-- Exercise --
All of the listing is to be written out word for word, with the pictures left out.

-- Given data --
==========

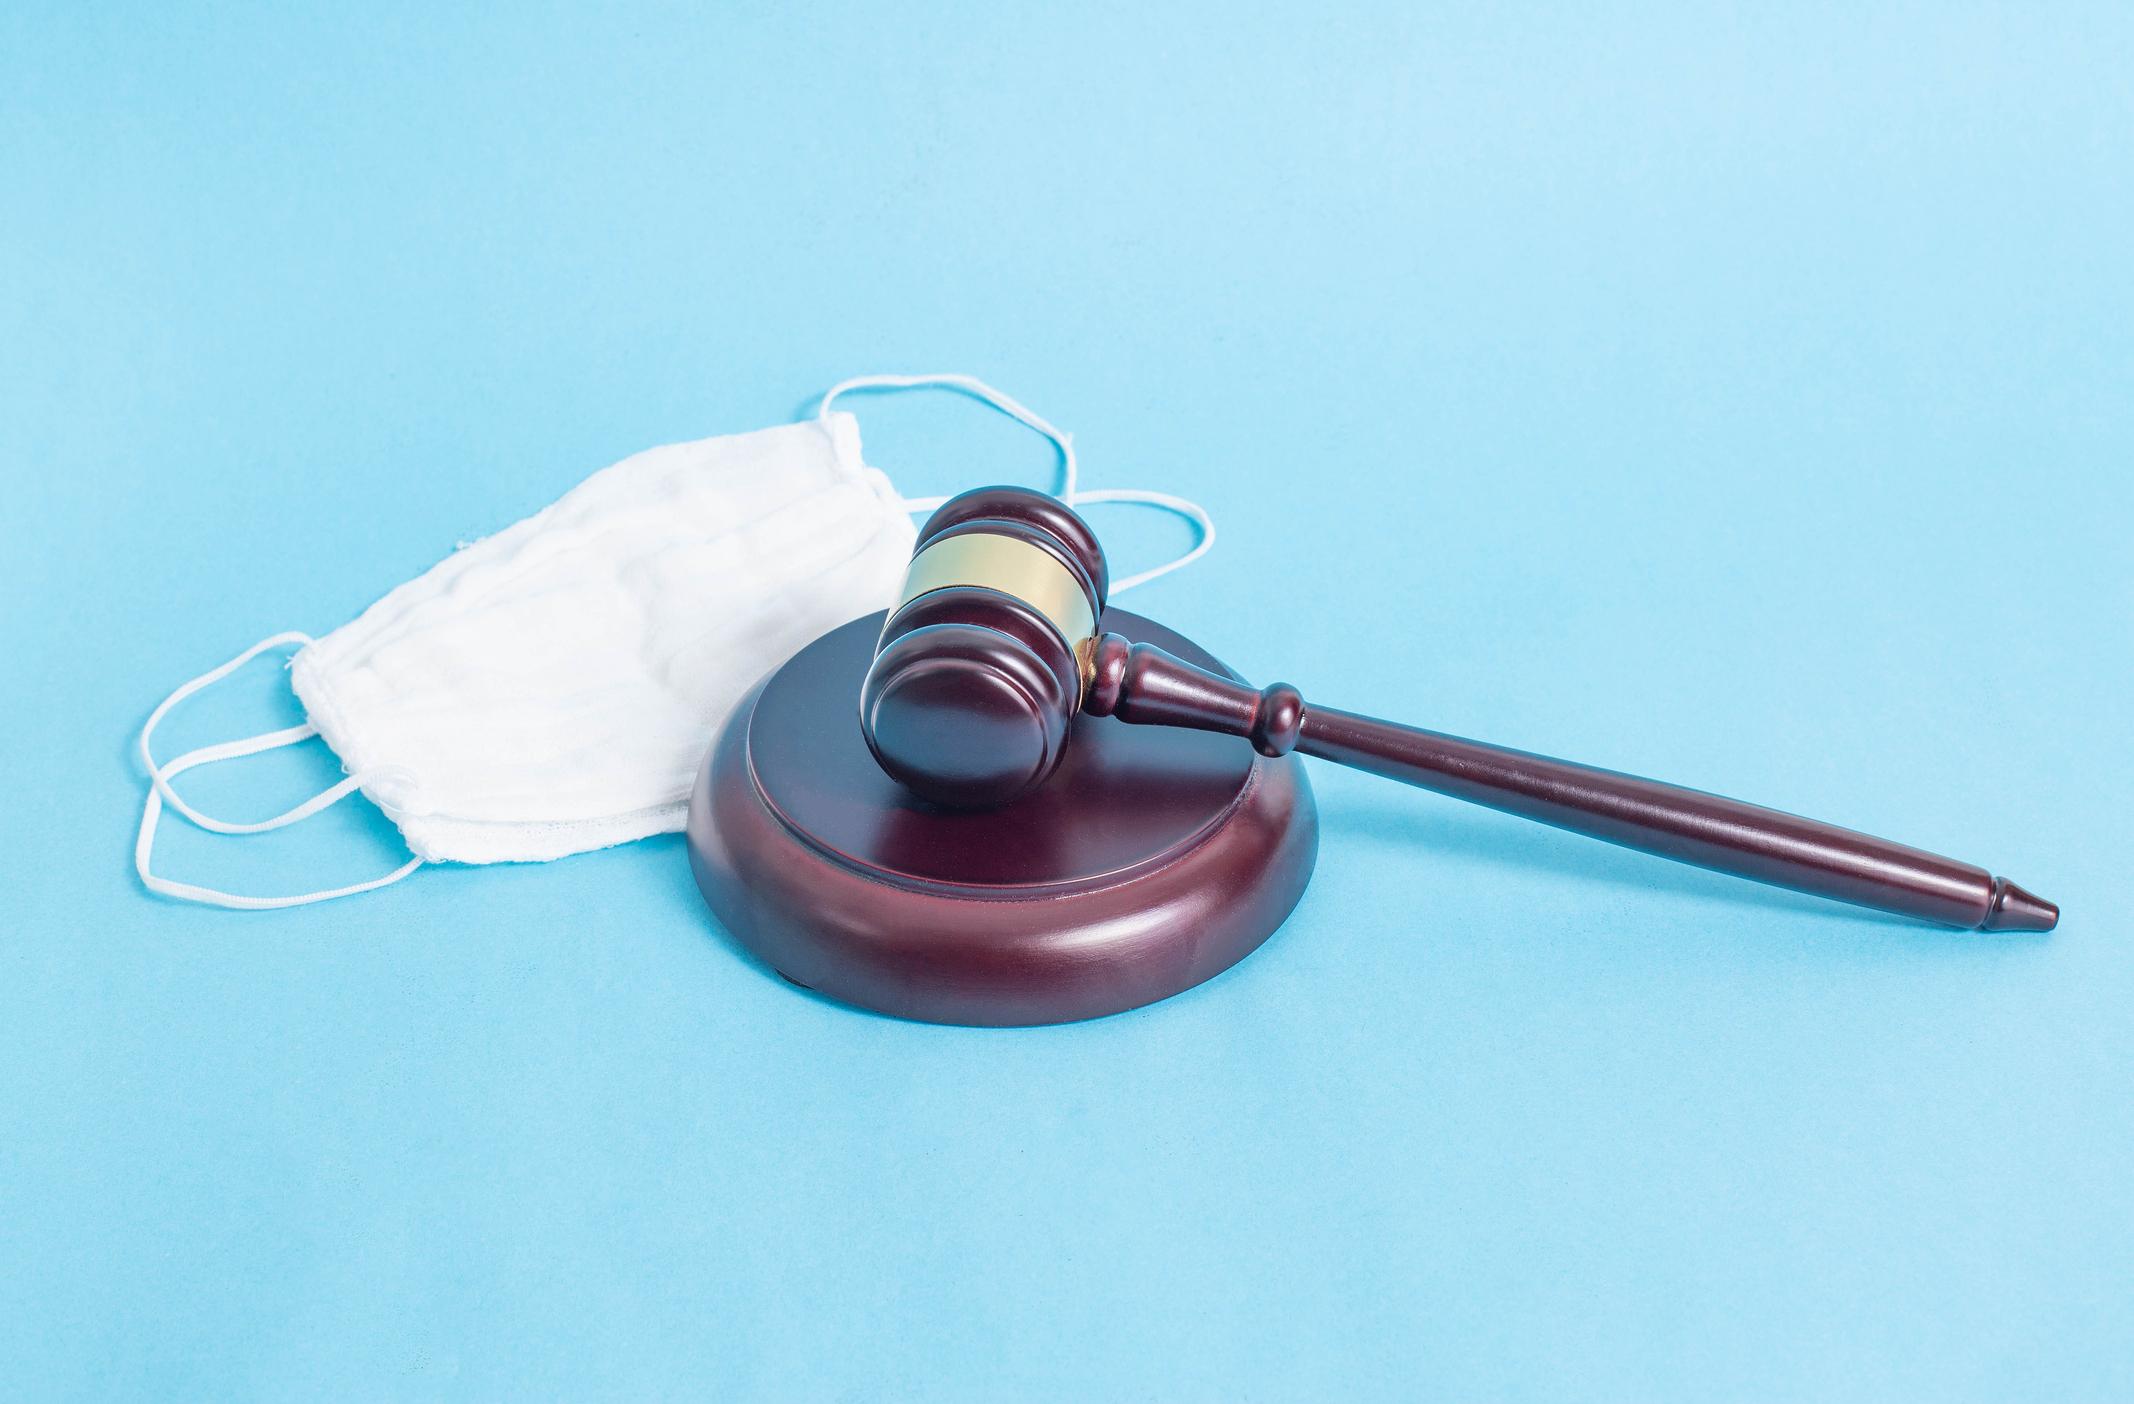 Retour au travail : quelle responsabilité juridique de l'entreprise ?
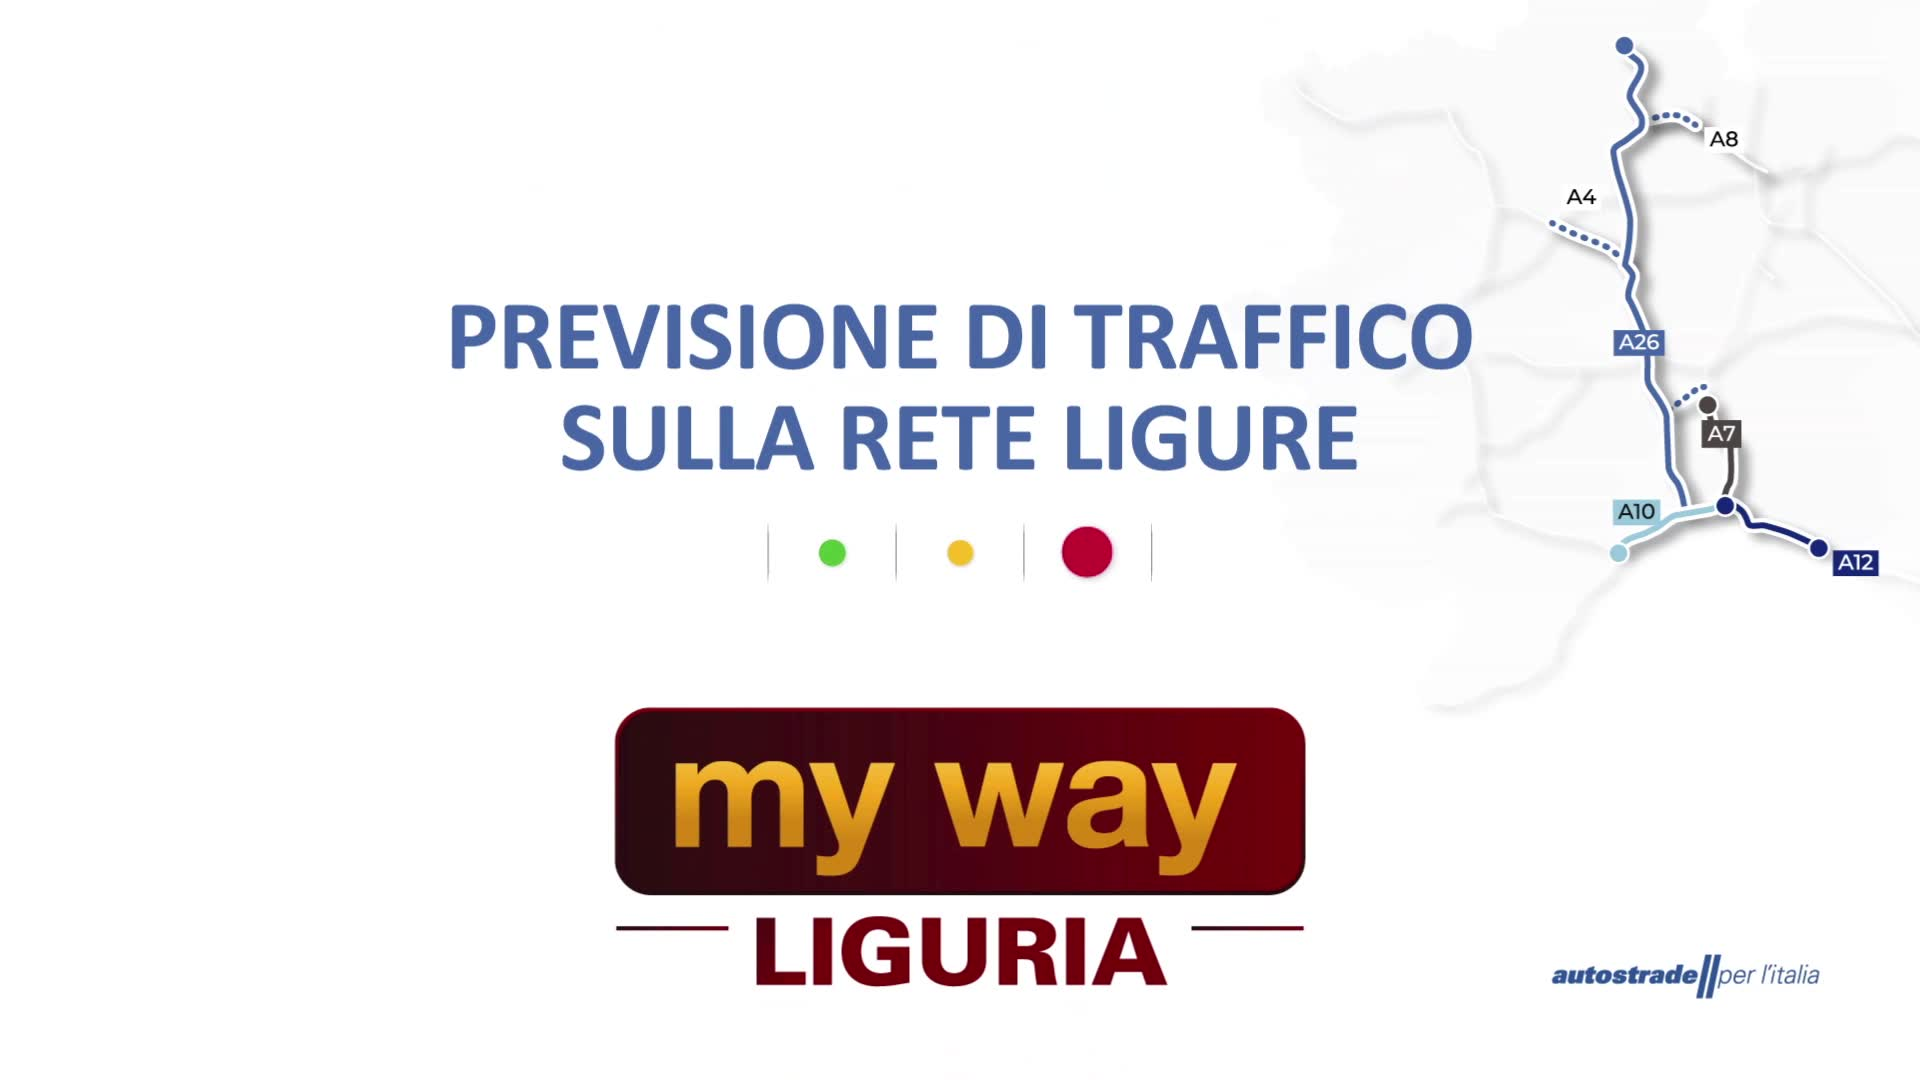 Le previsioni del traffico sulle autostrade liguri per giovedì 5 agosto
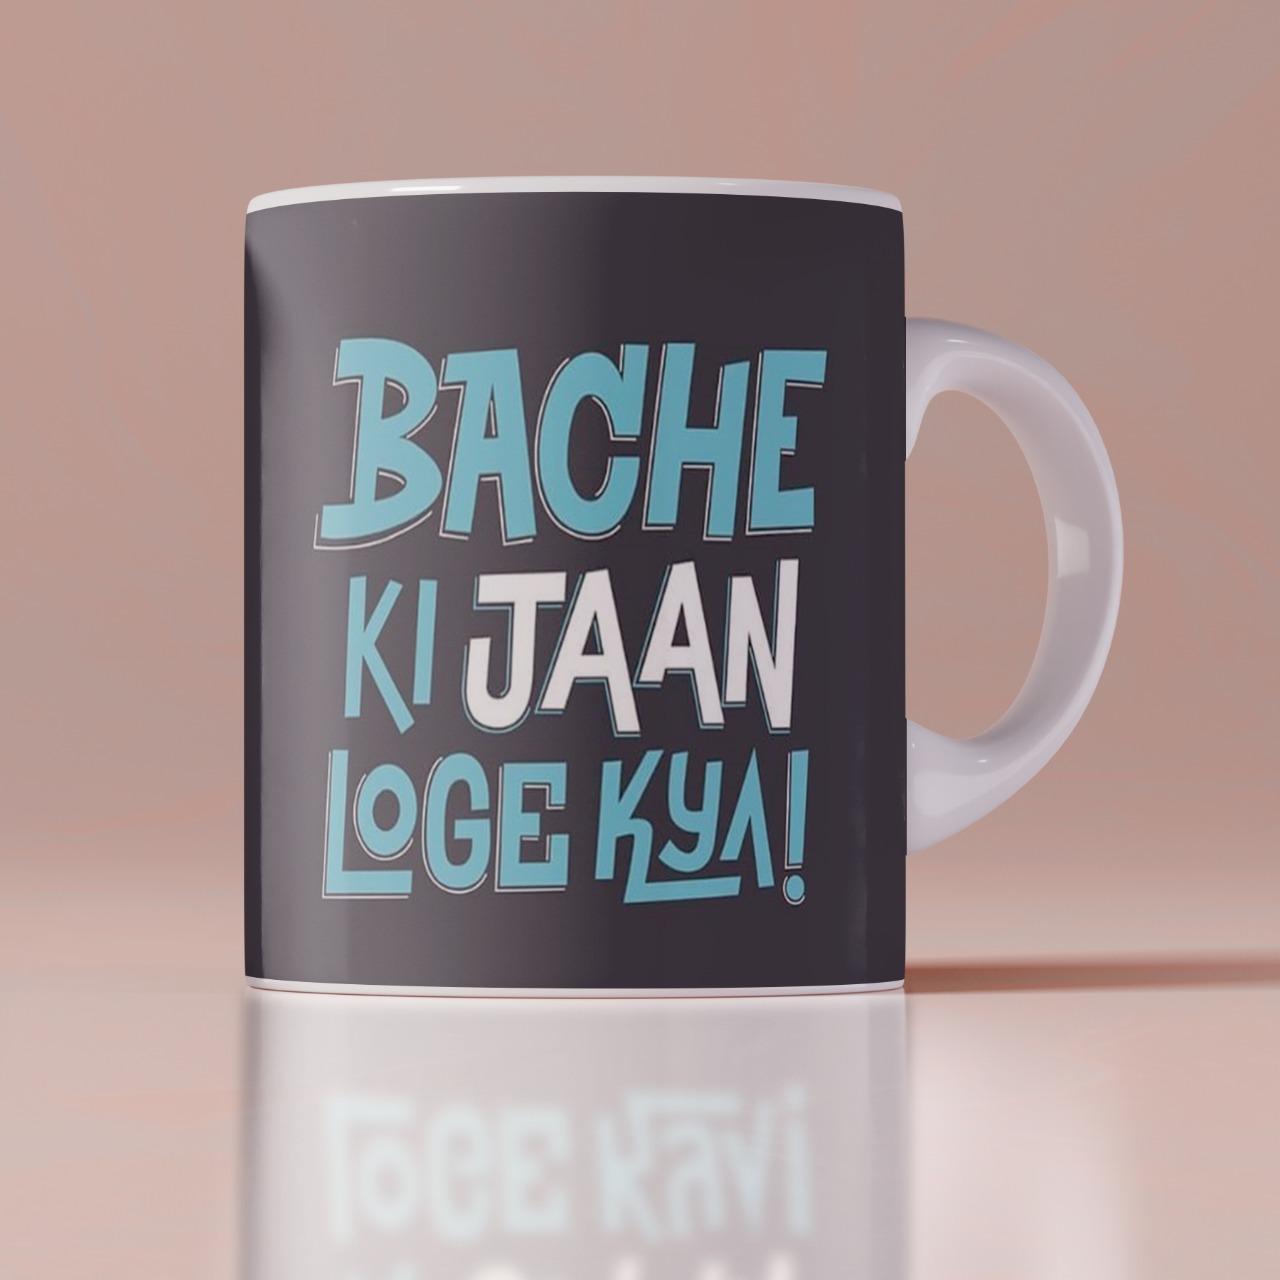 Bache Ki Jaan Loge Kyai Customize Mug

==========

-- Written answer --
 Retour au travail : quelle responsabilité juridique de l'entreprise ?
 Le previsioni del traffico sulle autostrade liguri per giovedì 5 agosto
 Bache Ki Jaan Loge Kyai Customize Mug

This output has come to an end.